Anderson and Anderson (2016) also developed a debris-covered glacier model that accounts for debris transport and melt out. They examine the sensitivity of the modelled glacier to the specific location of debris input within the system. Their model represents a 2D vertical glacier flowline, by including parameters for the longitudinal stress gradient, lateral drag, and generating vertically-resolved velocity profile from the continuity equation. Debris is transported through the glacier by ice flow and, once it has emerged on the surface, is advected with the ice surface velocity and modified by the downglacier surface velocity gradients. Debris is evacuated at the terminus according to a parameterization linked to the terminus melt rate.

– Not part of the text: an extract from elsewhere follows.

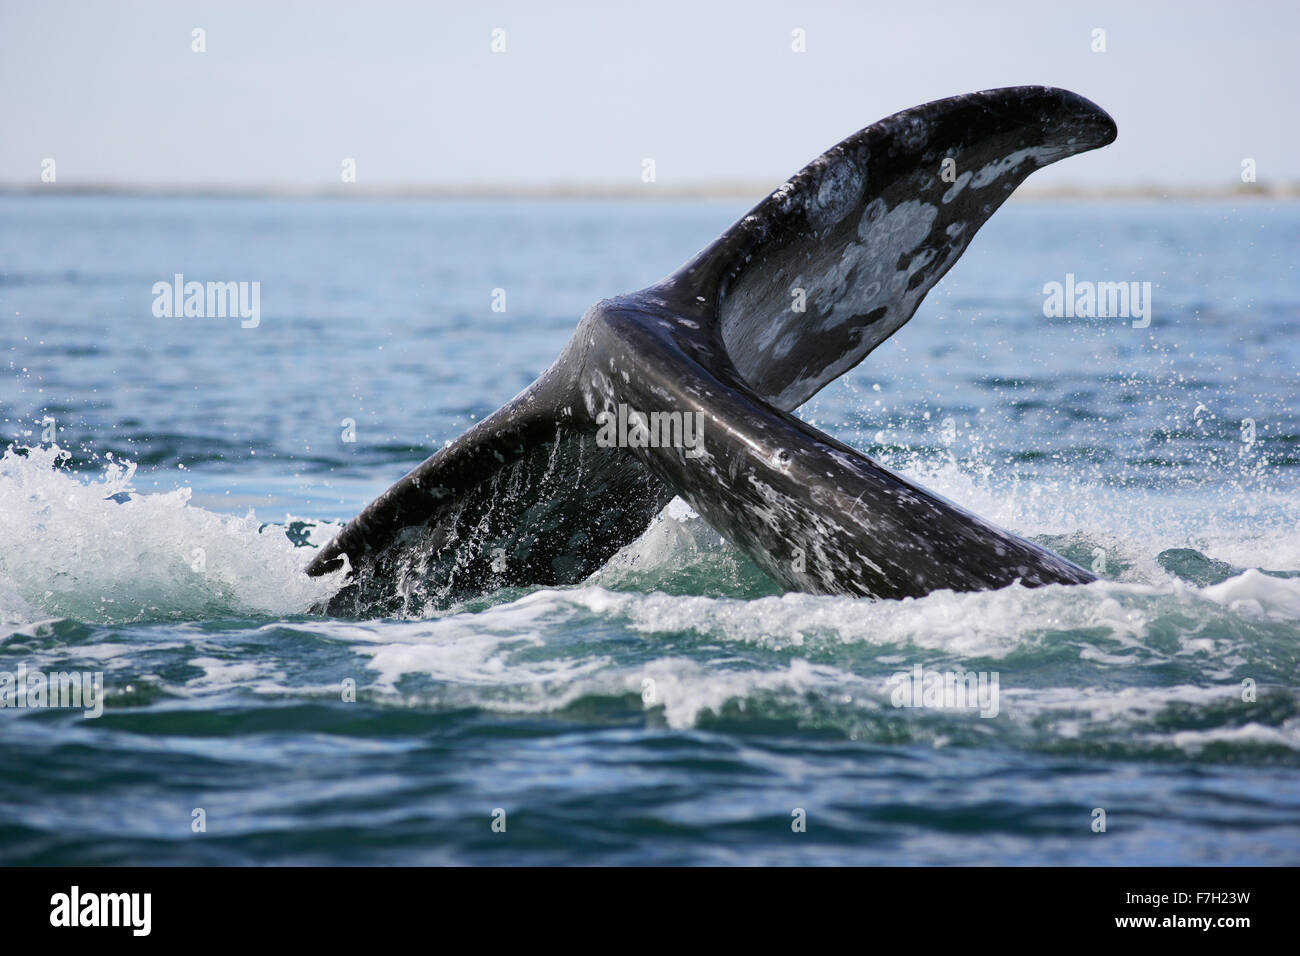 Pr0176-D. La baleine grise (Eschrichtius robustus) lob-tailing. La lagune de San Ignacio, Baja, au Mexique. Photo Photo Stock
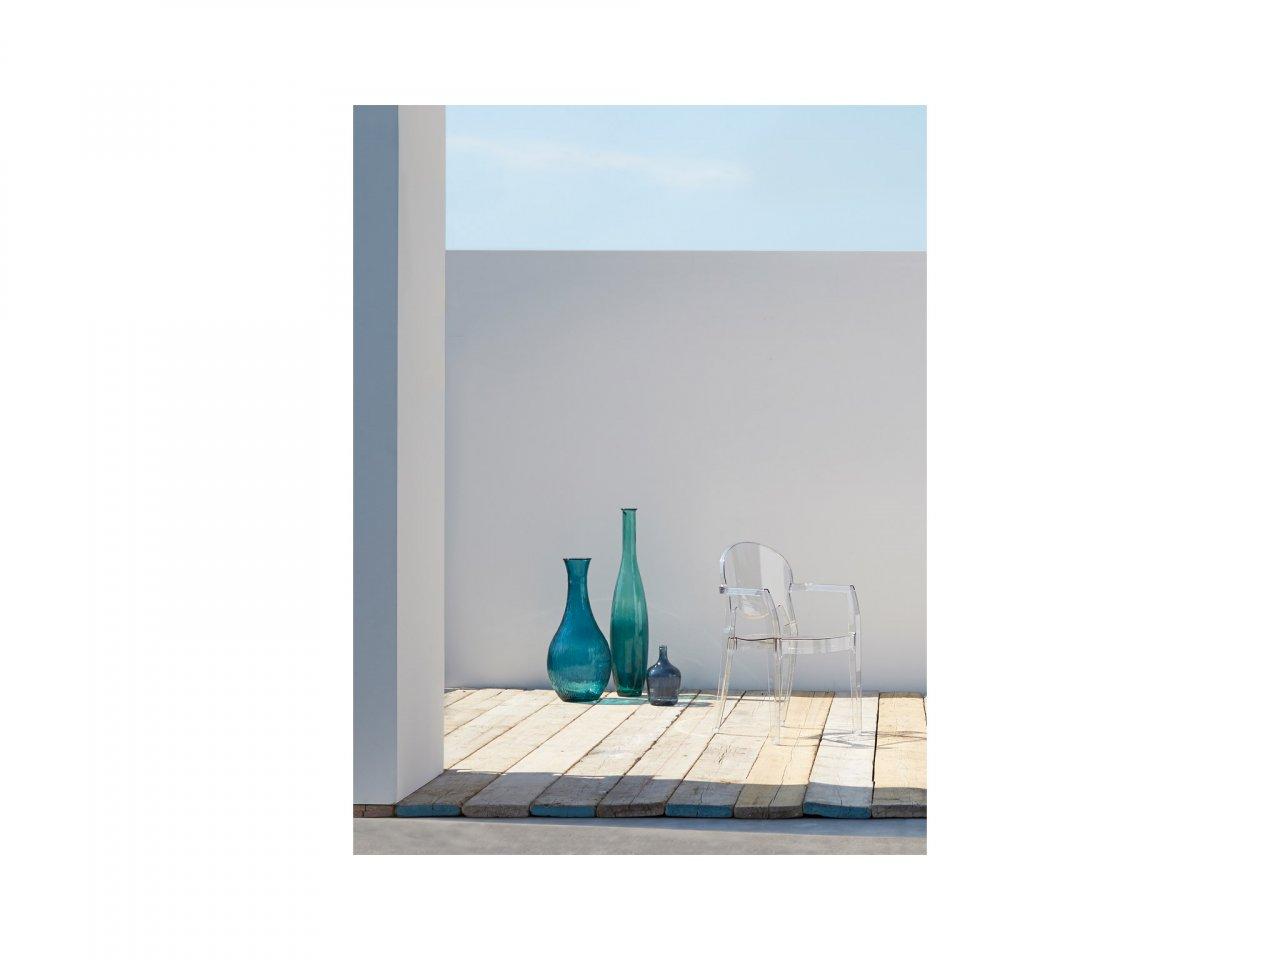 Sedia Con Braccioli Igloo - v7

In keeping with expectations based on theoretical glacier flowlines, their study highlights that the system is most sensitive to debris inputs near the equilibrium line. This is because deposits in the upper accumulation zone are buried and transported at greater depth within the glacier body and so are exhumed by ablation lower down in the ablation zone. They find a convex-to-concave curvature of downglacier debris thickness which is a result of the dominance of ablation (decelerating ice velocity) in the upper (lower) zones of the debris cover. This model can achieve a glacier steady state as debris inputs are in the form of constant supply at a single location, rather than debris distributed through the ice body, and debris removal at the terminus is stipulated at a rate that offsets the addition of debris to the surface, which together mean that a solution can be found to convey this stripe of debris through the glacier in a stable form.
More recently, a study used a shallow ice approximation flowline model to explore the impact of debris on the transient response of glaciers over centennial timescales (Ferguson and Vieli, 2021). This model neglects the possibility of enhanced ablation under thin debris, and evacuates debris from the system via a terminal ice cliff, whose position is a function of an ice thickness threshold. An interesting feature is the introduction of a parameterisation for ablation associated with thermokarst features into the surface mass balance forcing. The results suggest that the distinctive debris-covered glacier geometry is related to the fact that they “remember cold periods more than warm.”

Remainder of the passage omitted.